Is this being fair to FairVote? If I’m going to take a medication, I’ll be more confident that it will make me feel better instead of worse if it’s gone through rigorous testing that involved a lot of other people using it. Couldn’t we say that voting methods are similar?

No. Most proposed drugs don’t make it through the many phases of clinical trials, so knowing that a drug has been studied without it being rejected gives us a lot of information about it. By contrast, I can think of hardly any voting methods that have been tried in the real world and rejected in some analog of clinical trials. Bucklin Voting seems like the best example here, but I’m not at all confident that the reason Bucklin got repealed was that it performed poorly. The second-best example might be STV itself. Jack Santucci, the leading researcher on the history of STV, writes:

Many may not know that STV was widespread during the Progressive and New Deal periods. Reformers had formed a belief that “normal” PR could not win. So, they hooked up with the movement for nonpartisan elections, won STV in 22 cities, and then saw it repealed in all but one.

Voting methods aren’t like drugs, and there’s nothing akin to clinical trials that filter out the bad ones. The fact that voting method A has been subject to more empirical research than voting method B tells us almost nothing about whether A or B is better.

What about theoretical research? There is very little that compares STV to other proportional voting methods. There is some (for instance, by the Metric Geometry and Gerrymandering Group) that compares multi-winner districts with STV to elections with single-winner districts, but there’s no evidence that the choice to use STV instead of another proportional voting method significantly affects their findings. Aside from studies that focus on a single arbitrarily-chosen proportional voting method, I don’t think there is actually more theoretical research on STV than on other proportional voting methods. There has been a lot of analysis of Approval-based proportional voting methods in terms of pass/fail criteria. (Granted, I don’t think very highly of the pass/fail approach.) Keith Edmonds has done simulations on Score-based proportional voting methods.

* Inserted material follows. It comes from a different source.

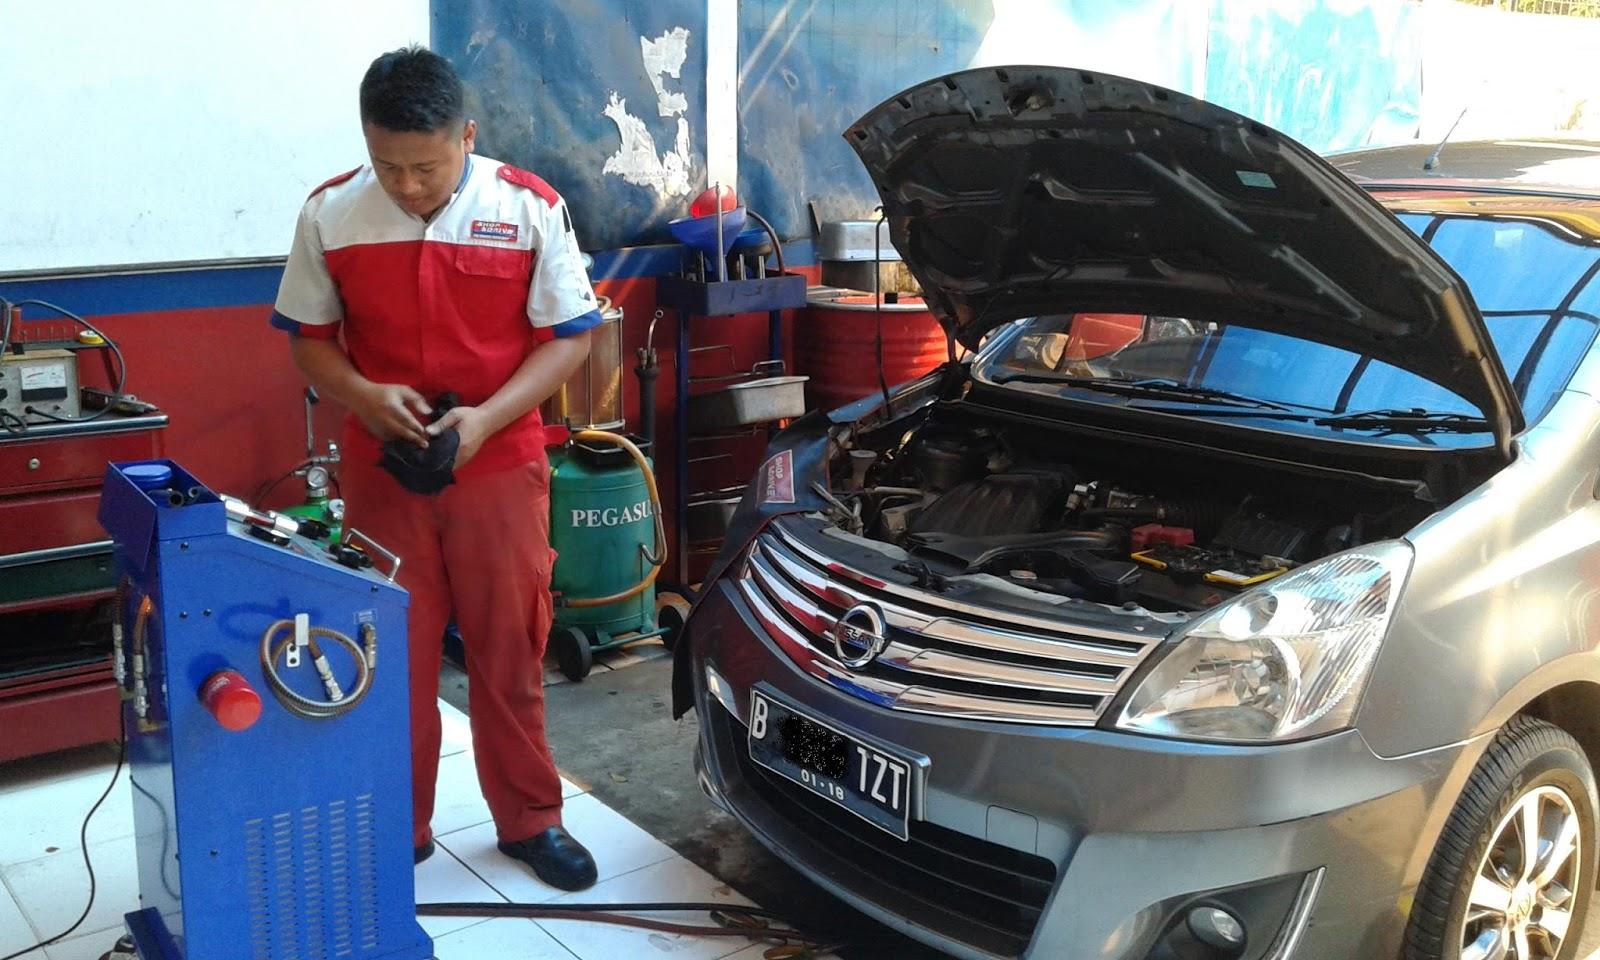 Oli Grand New Avanza Berapa Liter E 1.3 Shop Drive Cijantung Melayani Kuras Transmisi Otomatis Mobil Kenali Jenis Matic Yang Paling Penting Sebelum Melakukan Pelumasan Pada Sistem Adalah Mengenali Digunakan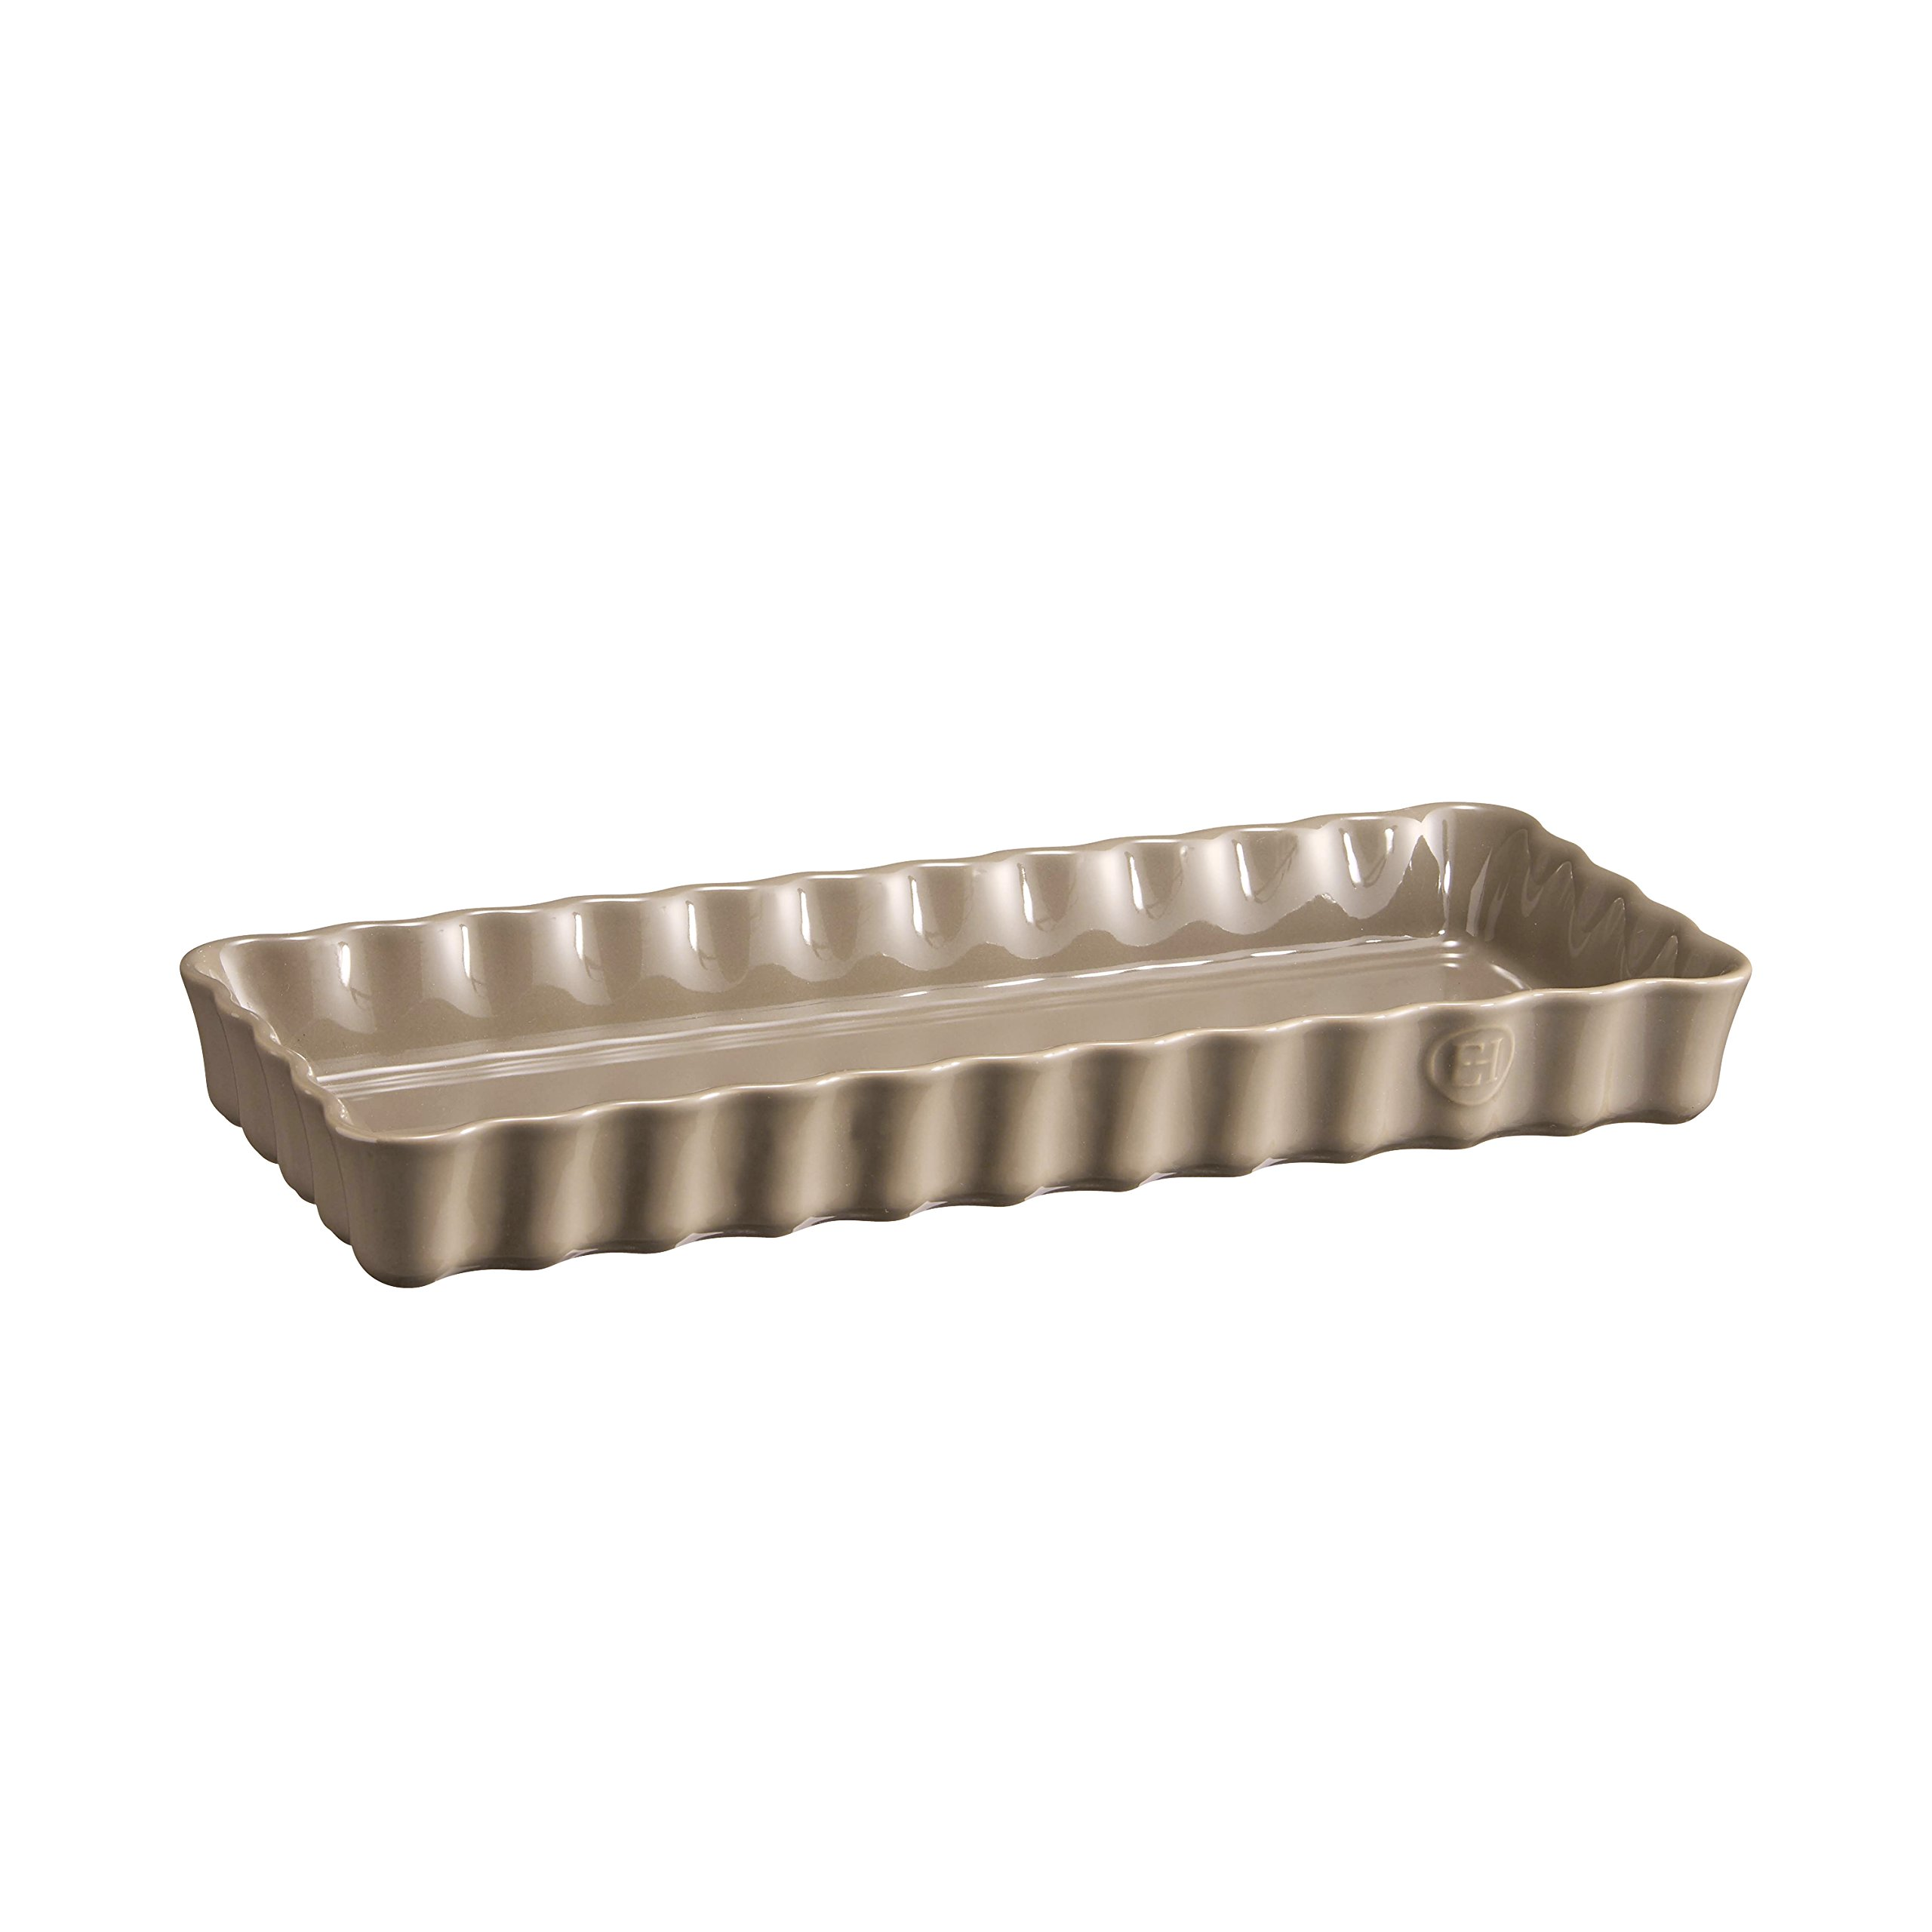 Emile Henry 956034 Slim Tart Dish, 1.4 Quart, Flint

I’ll conclude with some of my own research on the electoral incentives that voting methods present to candidates.

This chart compares STV to a Condorcet-based proportional voting method, STV-Minimax (and also to some other voting methods I won’t talk about). It shows that ordinary STV incentivizes candidates to care almost exclusively about voters who are relatively supportive of them, but that STV-Minimax incentivizes candidates to care a significant amount about everyone. Theoretical research comparing single-winner voting methods has shown that alternative voting methods can significantly outperform IRV. While there is nowhere near as much that compares multi-winner voting methods, this study suggests that other proportional voting methods can likewise outperform STV.